New York Giants: Shannon Sharpe warns Joe Judge over lap running consequences

Shannon Sharpe, New York Giants

The New York Giants held their first padded practice of training camp on Monday, and with that came a new sense of energy and intensity. The new coaching staff brought a great style to the first day, as they were extremely vocal and outspoken. It seems as if the new regimen is focused on really coaching and harping on the fundamentals, rather than letting things slide and letting the players dictate the tempo.

Many things that the younger generations of football players are treated too soft, giving them far too much leniency in their practice and progression.

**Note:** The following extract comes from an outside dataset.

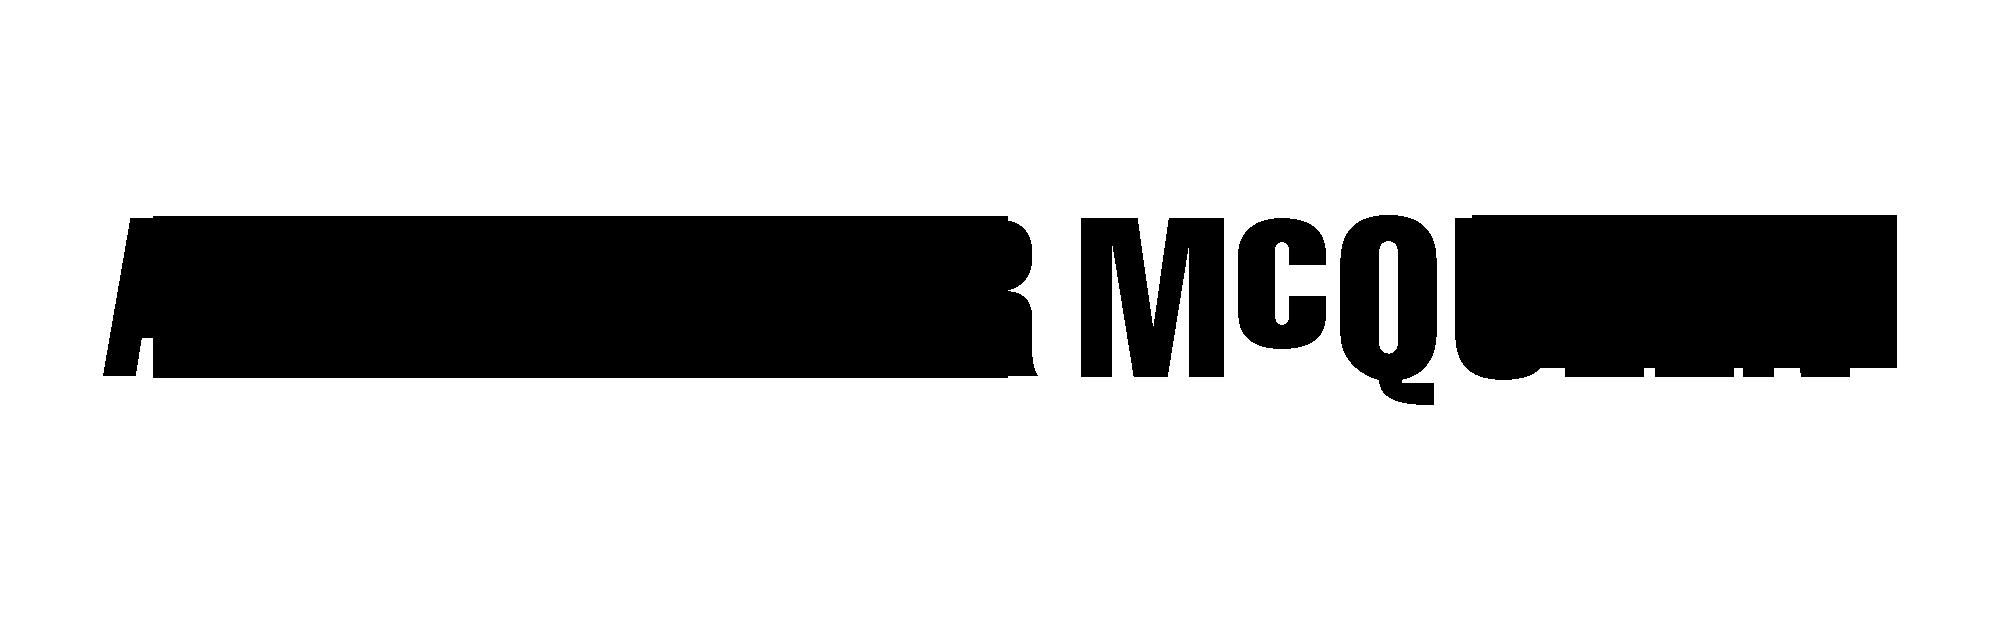 マックキュー バイ アレキサンダー マックイーン(McQ by Alexander McQueen)

Old school players and mentalities tend to work in specific scenarios, as new head coach Joe Judge plans to bring that to the Giants. After all, there’s a reason Tom Coughlin won two Super Bowls, and Bill Belichick has won six.

Here’s a new factor for the New York Giants during practice:

“There are consequences on the field for making mistakes,” Judge said. “In a game, it’ll cost you five, 10, or 15 yards. In practice, there needs to be consequences so we learn how to deal with our mistakes.”

Shannon Sharpe, co-host for “Skip and Shannon: Undisputed,” stated, “This isn’t going to end well.”

I don’t believe that Judge cares much for his opinion, based on the success he enjoyed at Alabama and New England. The New York Giants are 12-36 over the past three years, indicating that a significant change needed to be made. Success doesn’t come from luck, but rather hard work.

“If that’s what he has in store for us, running laps for mistakes, just don’t make mistakes,” said wide receiver Sterling Shepard, the longest-tenured Giant. “That’s a simple way to get out of doing that. Yeah, the last time I did it was probably middle school. But I’m embracing the change and I’m all for it.”

It seems that Sterling Shepard has already figured it out; if you don’t want to run laps, then don’t make any mistakes. That is how you bring the best out of players by setting benchmarks and consequences for failing to do your job. Ultimately, when you’re being paid millions to catch a football or make a block, doing it well is essential.

Judge and his coaching staff are keen on maximizing each and every player. Ranging from different talents to abilities, there are 11 positions on each unit, and looking at a player like Corey Coleman and saying, “he could be a wide receiver and kick returner,” is exactly the mentality Judge wants to have.